Exercise:
An exact copy of all the data is required, with pictures left out.

Dataset content:
★ ★ ★

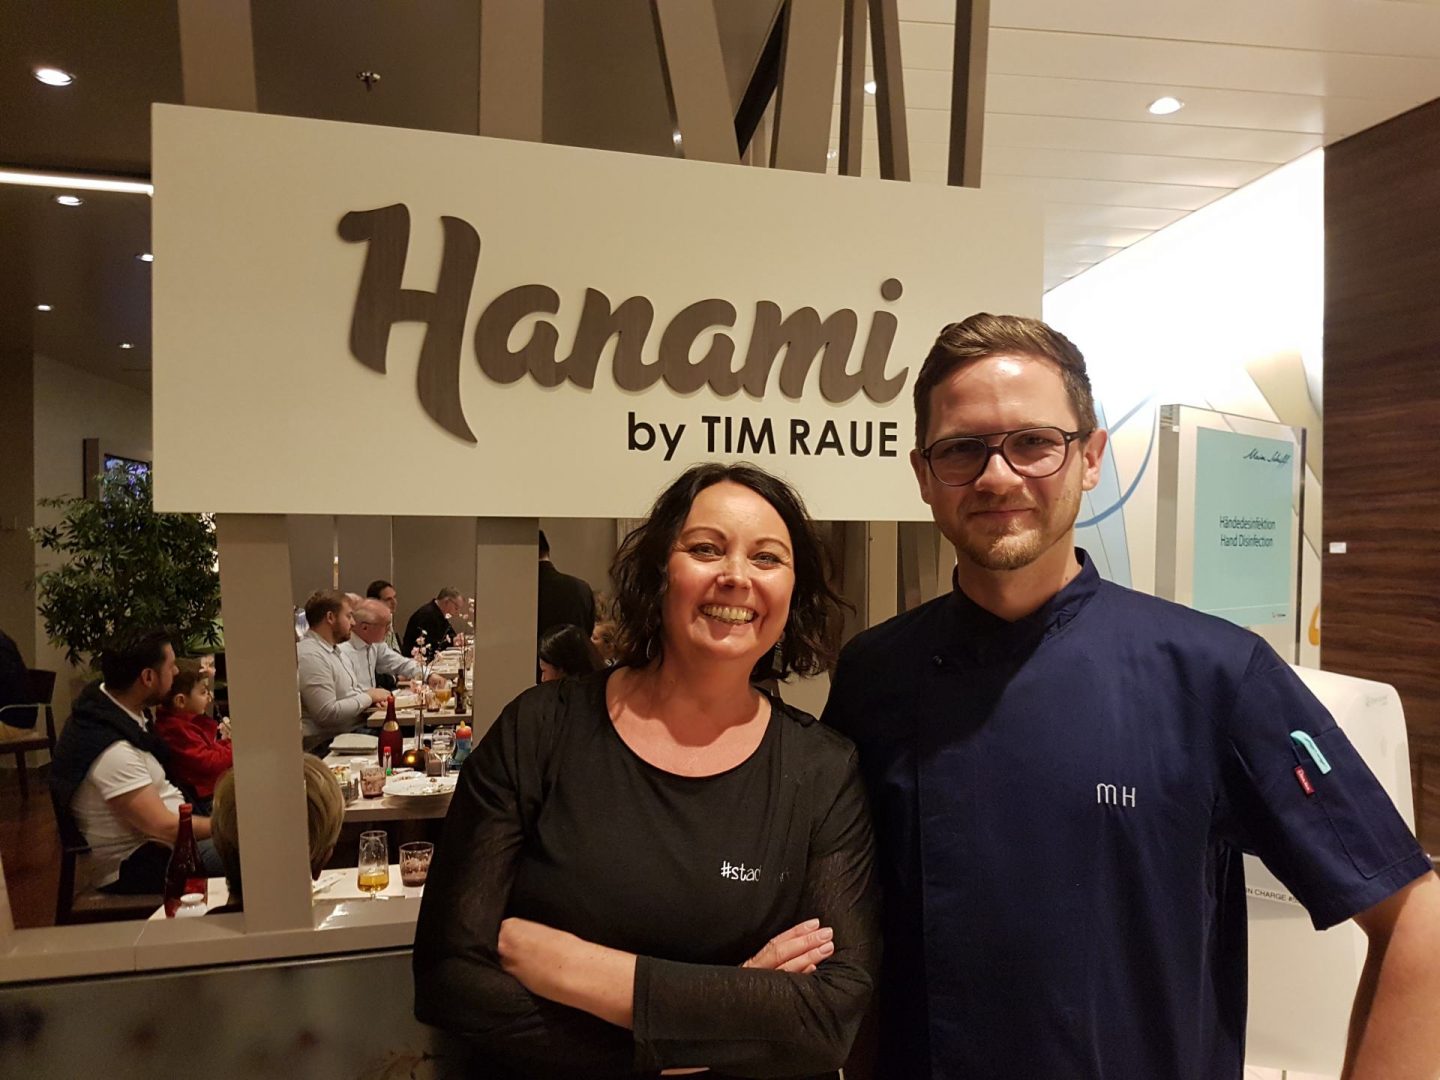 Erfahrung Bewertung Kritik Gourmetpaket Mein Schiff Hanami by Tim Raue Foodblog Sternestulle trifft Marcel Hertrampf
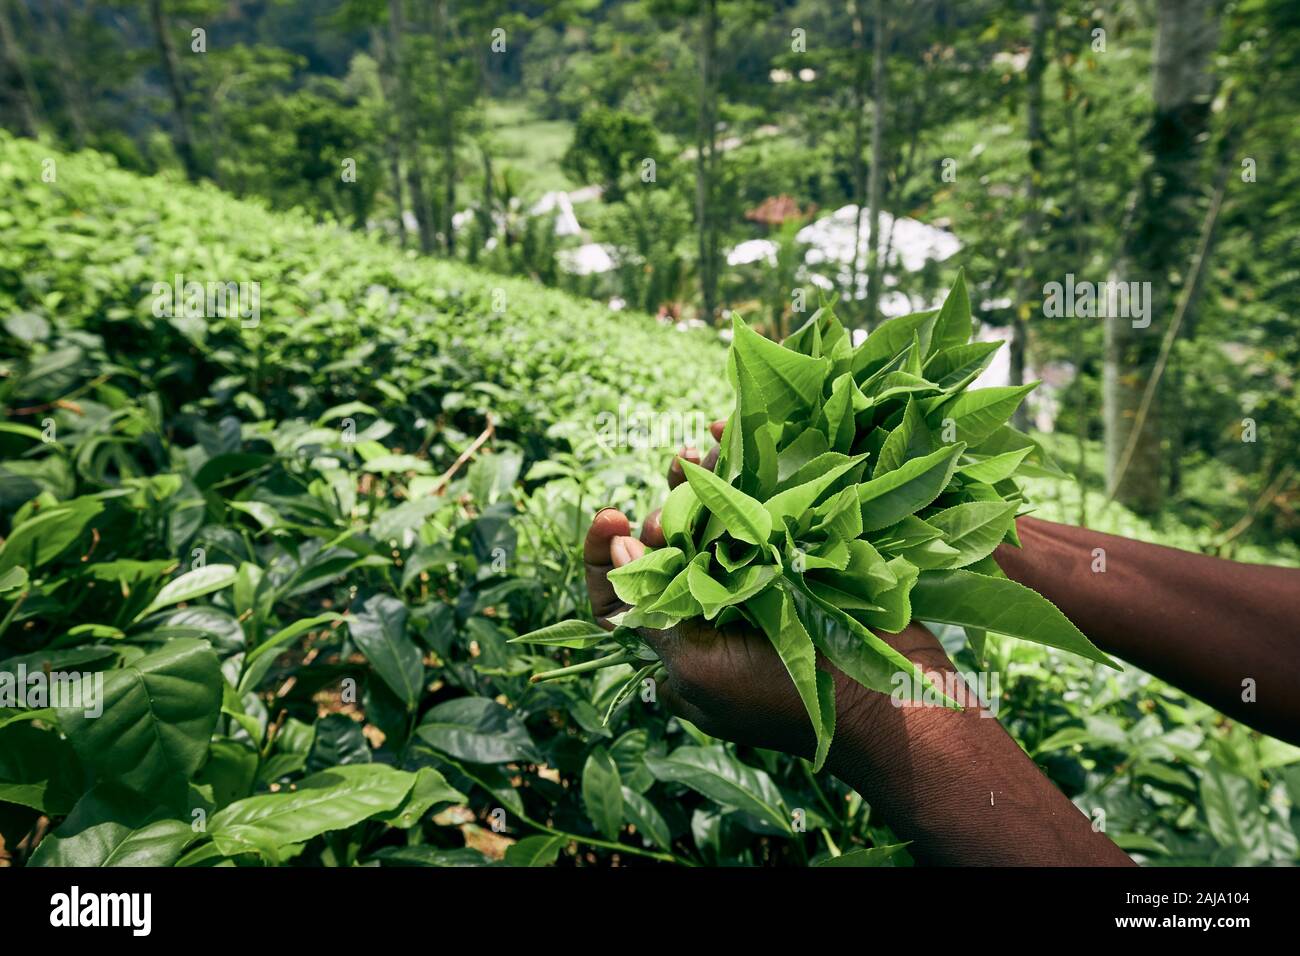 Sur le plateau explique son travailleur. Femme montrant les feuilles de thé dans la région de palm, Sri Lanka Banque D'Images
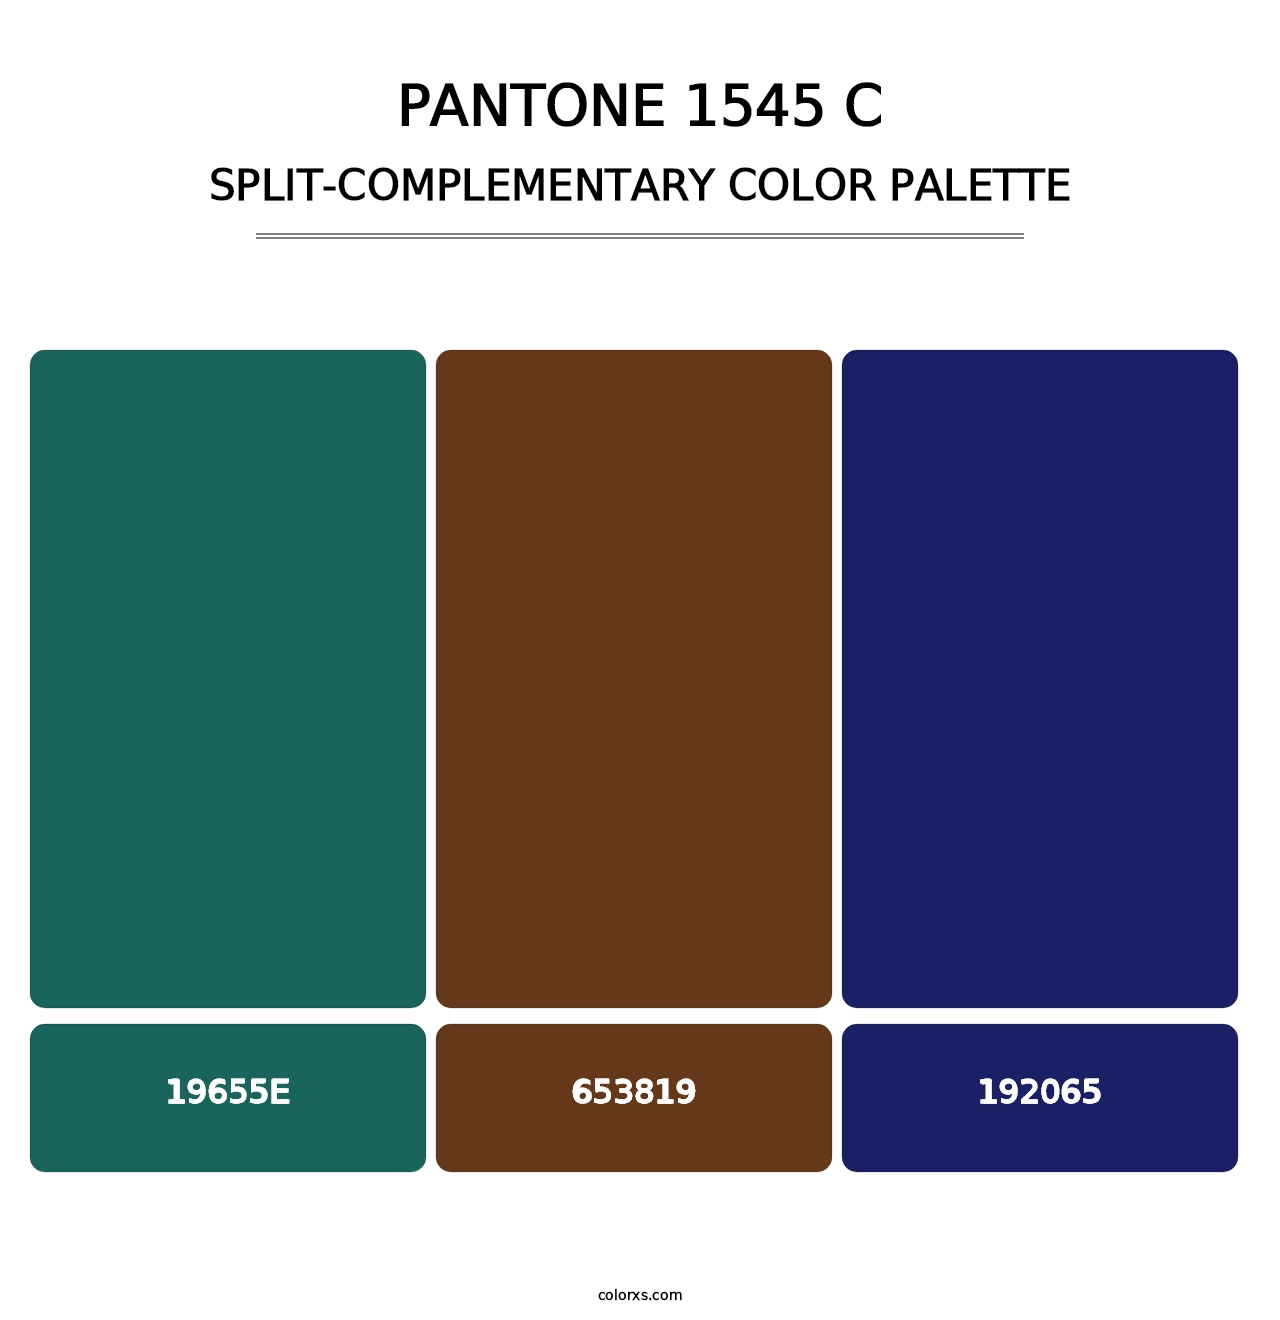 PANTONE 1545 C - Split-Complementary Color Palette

★ ★ ★

The answer:
 Erfahrung Bewertung Kritik Gourmetpaket Mein Schiff Hanami by Tim Raue Foodblog Sternestulle trifft Marcel Hertrampf
 Sur le plateau explique son travailleur. Femme montrant les feuilles de thé dans la région de palm, Sri Lanka Banque D'Images
 PANTONE 1545 C - Split-Complementary Color Palette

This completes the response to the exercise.